I had escaped the arena only to set my sights on an even more dangerous prize. Perhaps it was madness, as both men believed. But as the dragon carried us toward the promised shelter, I felt something like purpose hardening within me. Not just running from, but running toward.
Toward answers. Toward justice. Toward a future that, against all odds, might hold more than mere survival.

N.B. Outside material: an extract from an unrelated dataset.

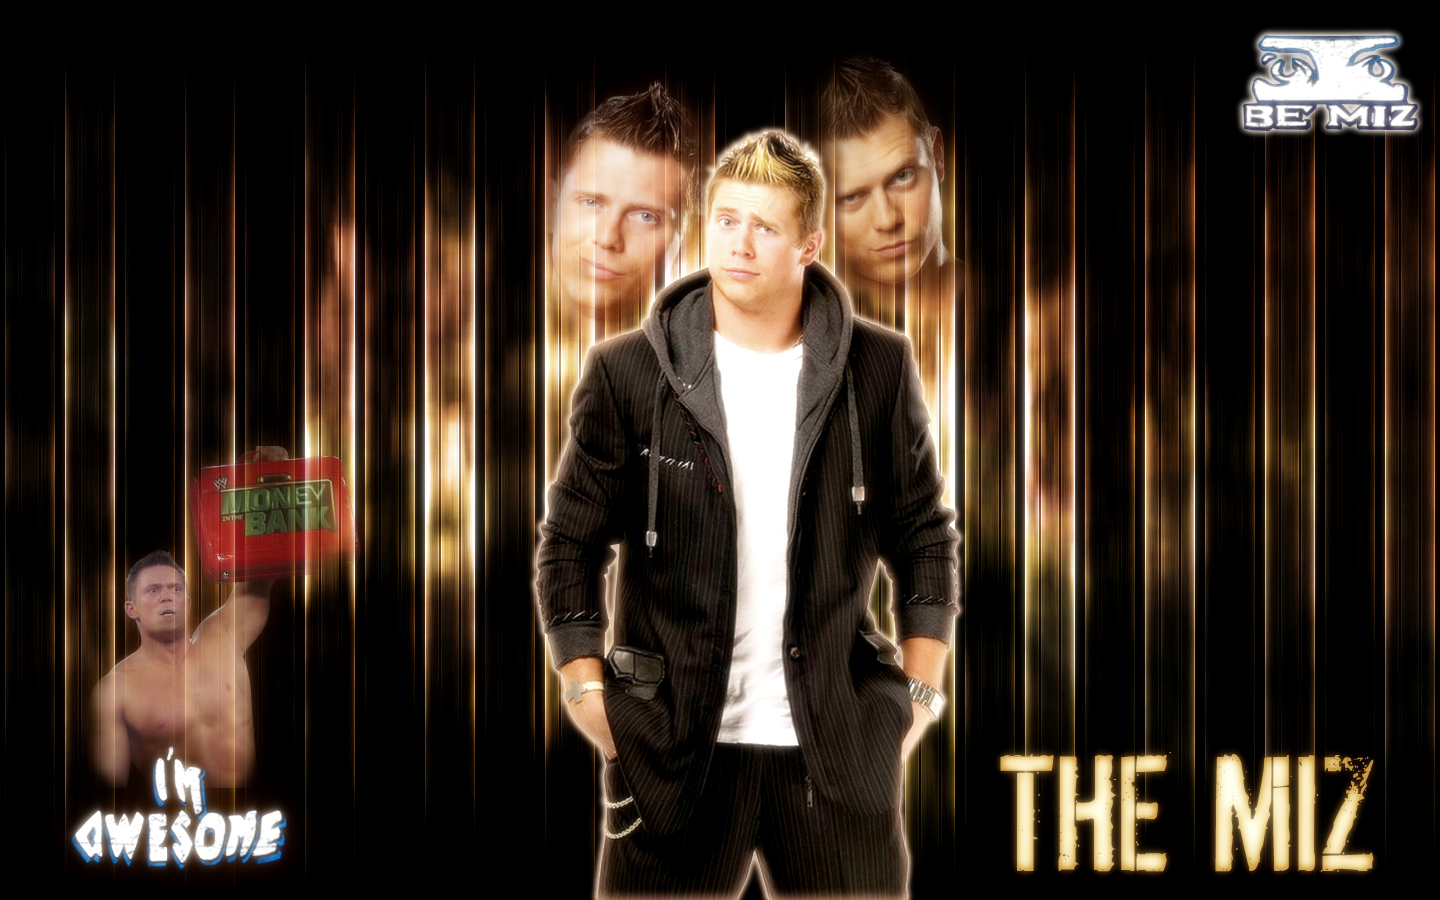 The Miz - WWE Wallpaper (31689180) - Fanpop

Sand swirled around us as the storm’s leading edge caught up with our flight. Through driving grit and thickening air, the dragon pressed onward, as determined as I was to face whatever lay ahead. Behind me, Septimus’s arms tightened around my waist, while Tarshi guided the dragon with gentle pressure from his knees.
Three escaped slaves on a stolen dragon, flying into the heart of a storm. It was either the beginning of something magnificent or the most elaborate suicide I could have imagined.
Either way, I was finally free to choose my own fate. And I chose vengeance.